DIRECTIONS FOR THIS TASK |
What you give back from the listing below should be an exact copy of the lines from the one with "CNH - Hydraulic" down to the one with "Business Closures and", and it should contain no pictures.

RECORDS SHOWN |
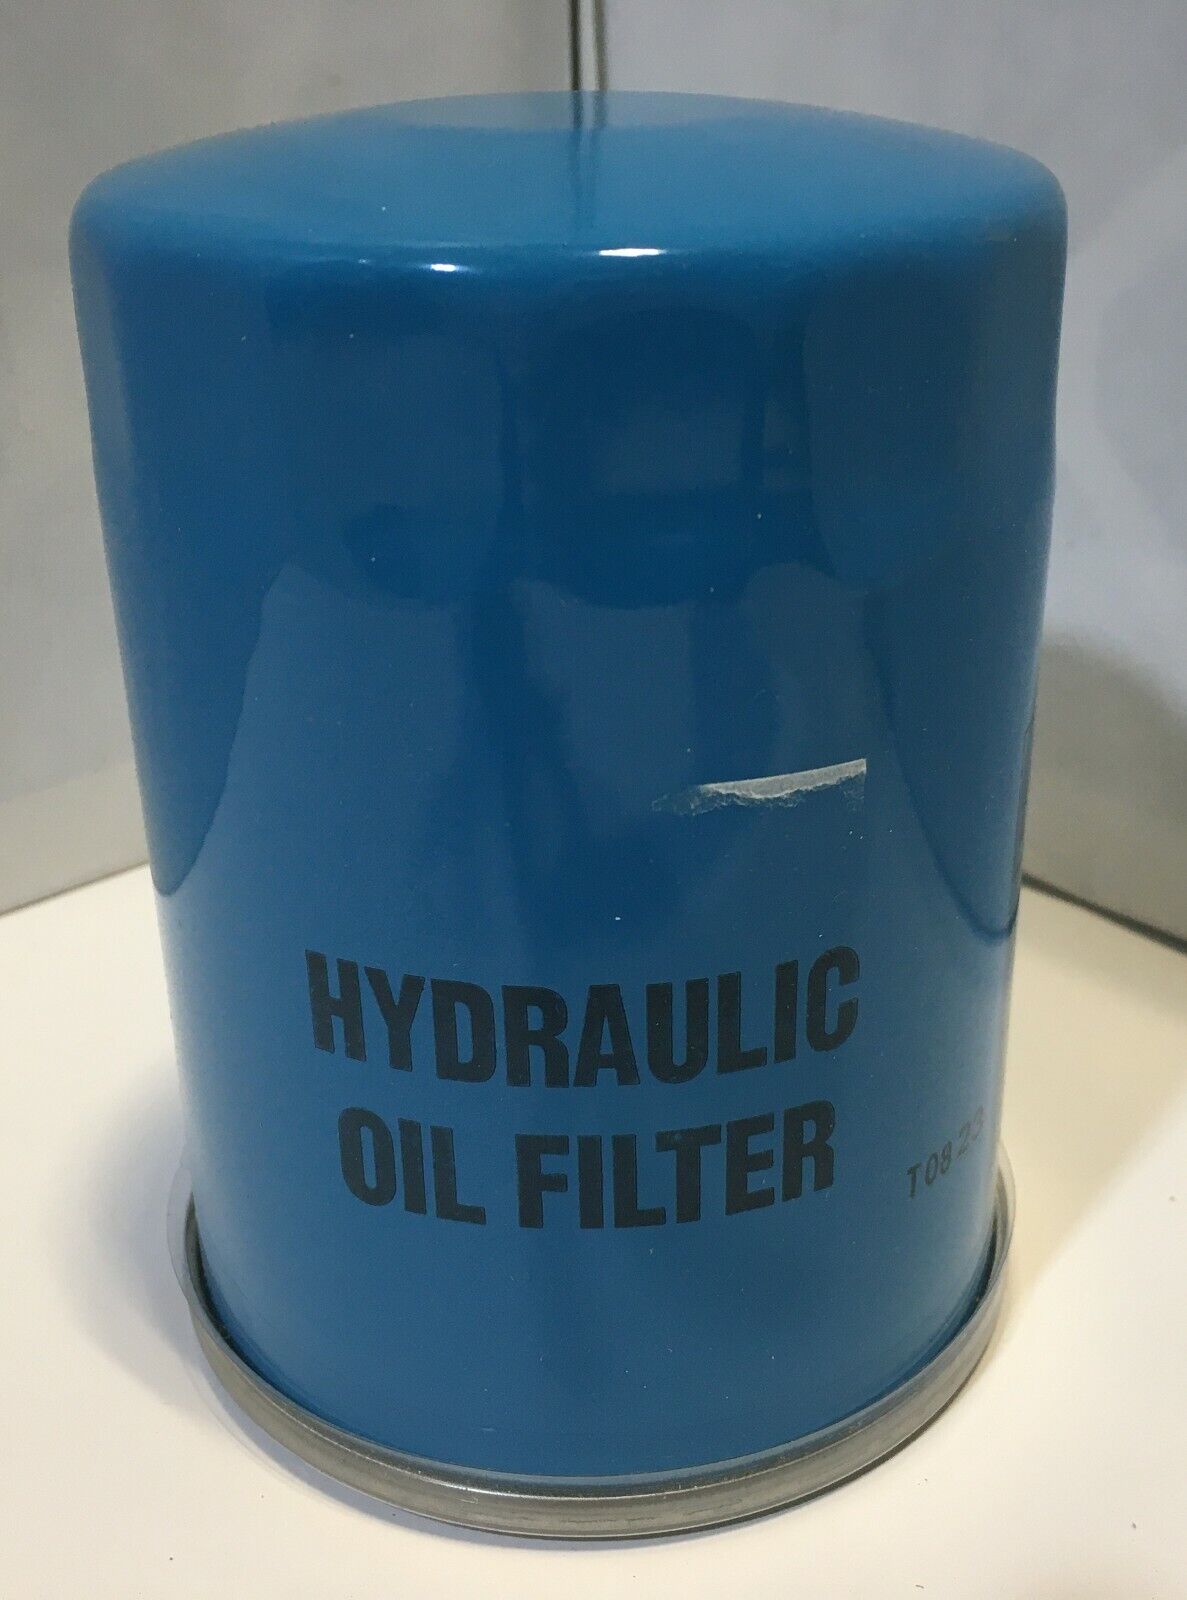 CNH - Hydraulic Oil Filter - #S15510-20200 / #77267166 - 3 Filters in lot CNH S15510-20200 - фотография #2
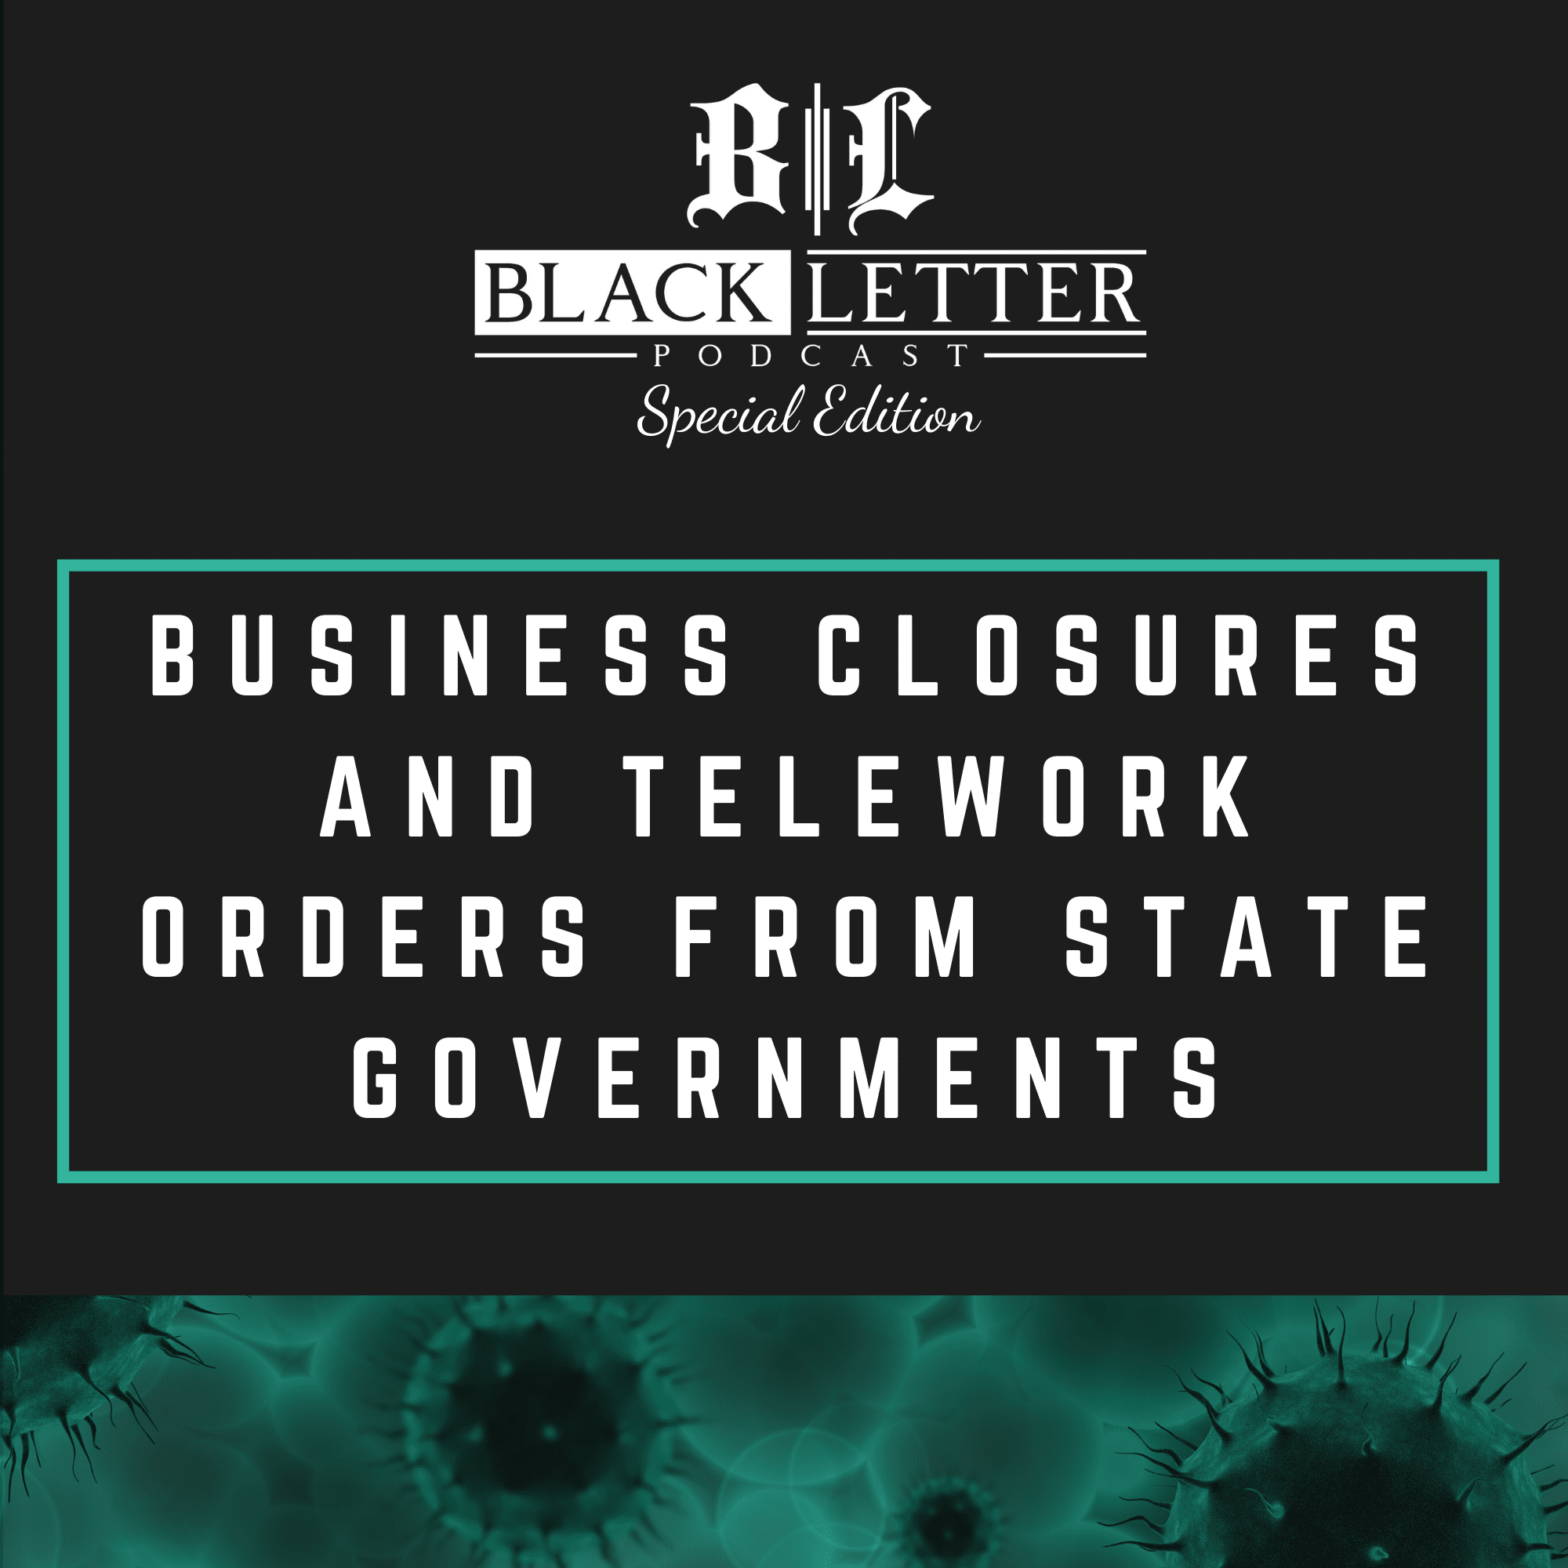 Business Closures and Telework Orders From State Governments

* * *

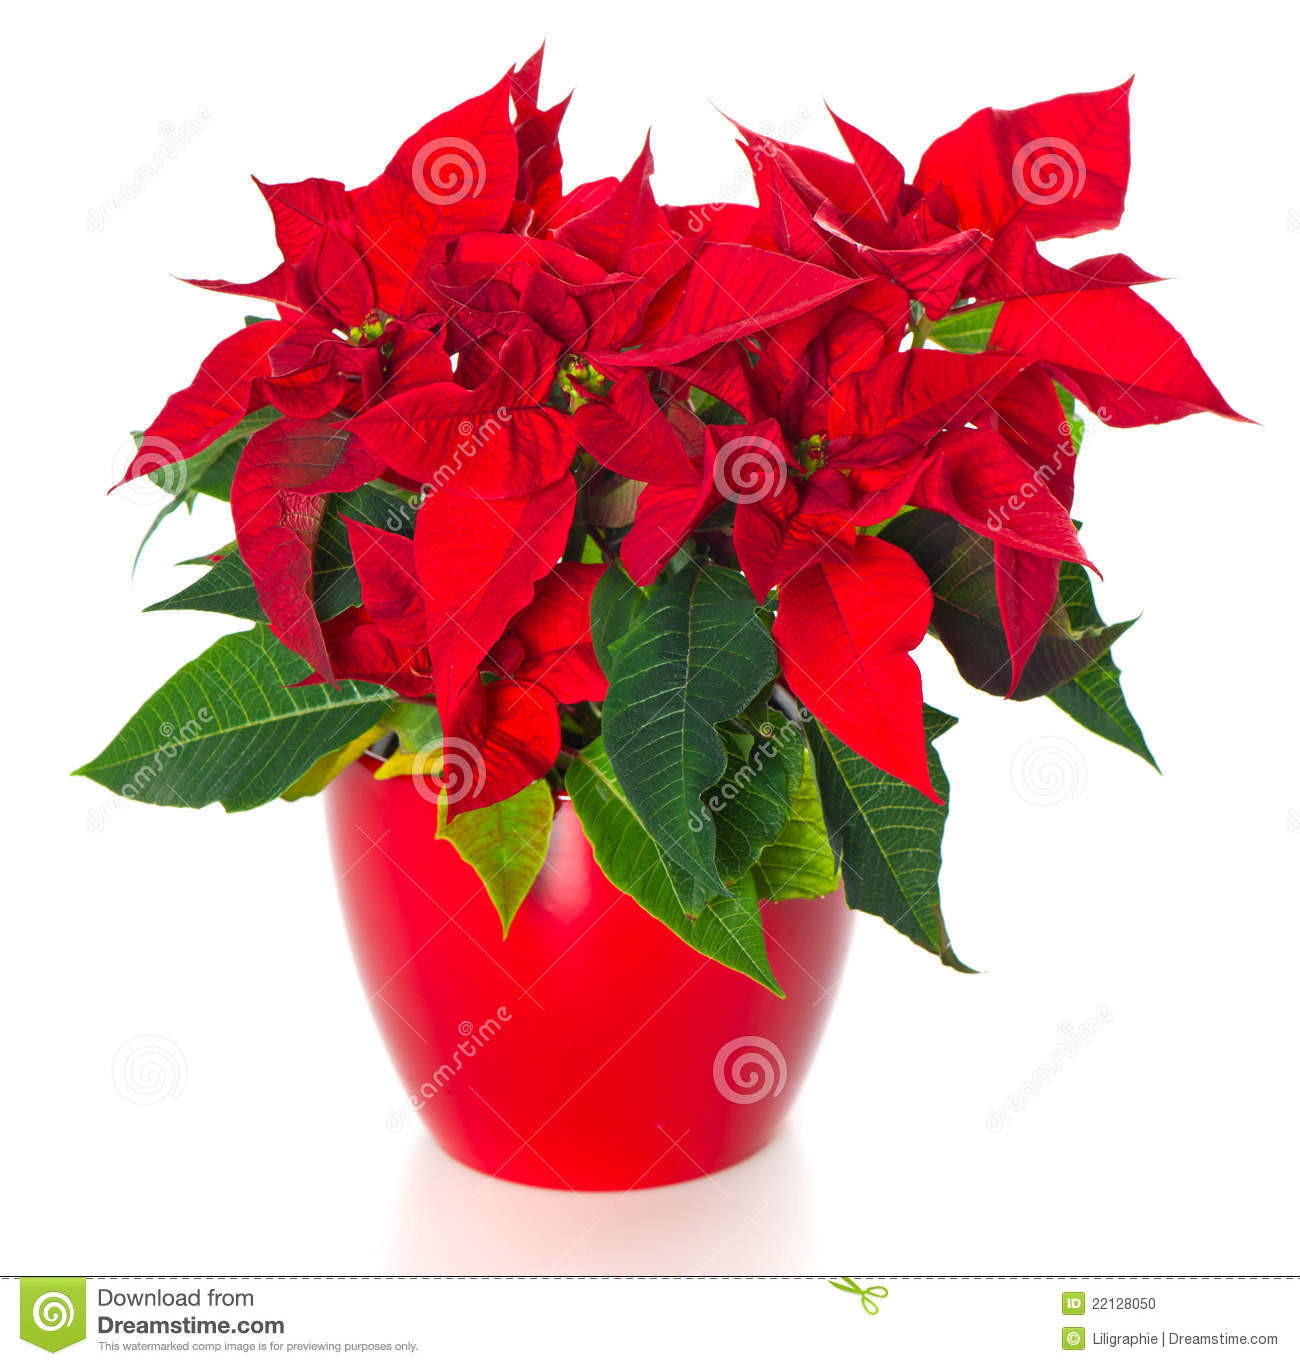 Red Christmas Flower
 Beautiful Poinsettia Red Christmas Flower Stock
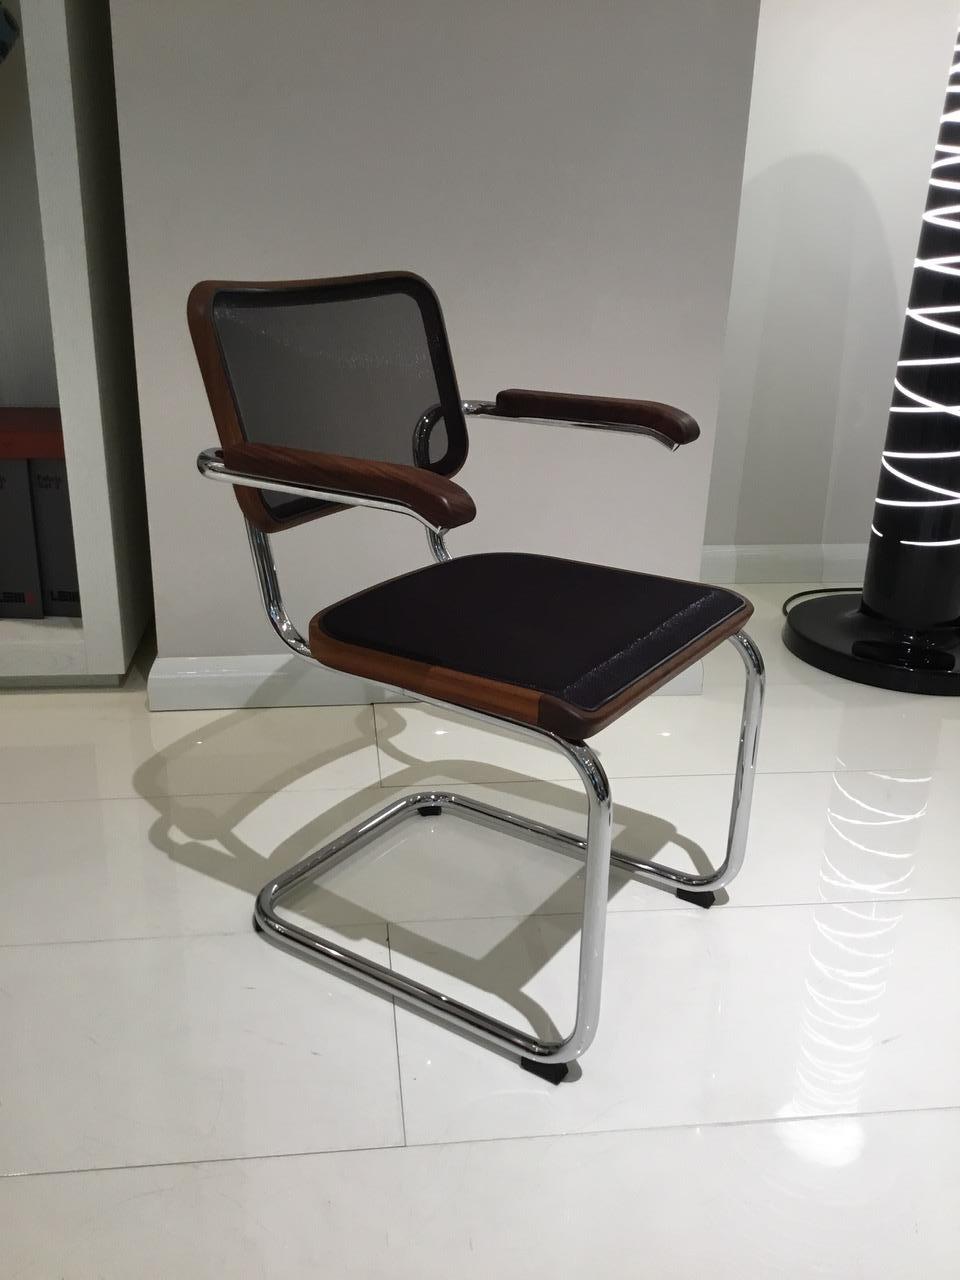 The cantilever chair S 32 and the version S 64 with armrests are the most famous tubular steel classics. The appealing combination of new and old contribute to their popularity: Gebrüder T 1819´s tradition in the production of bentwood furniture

FINISHED TASK |
 CNH - Hydraulic Oil Filter - #S15510-20200 / #77267166 - 3 Filters in lot CNH S15510-20200 - фотография #2
 Business Closures and Telework Orders From State Governments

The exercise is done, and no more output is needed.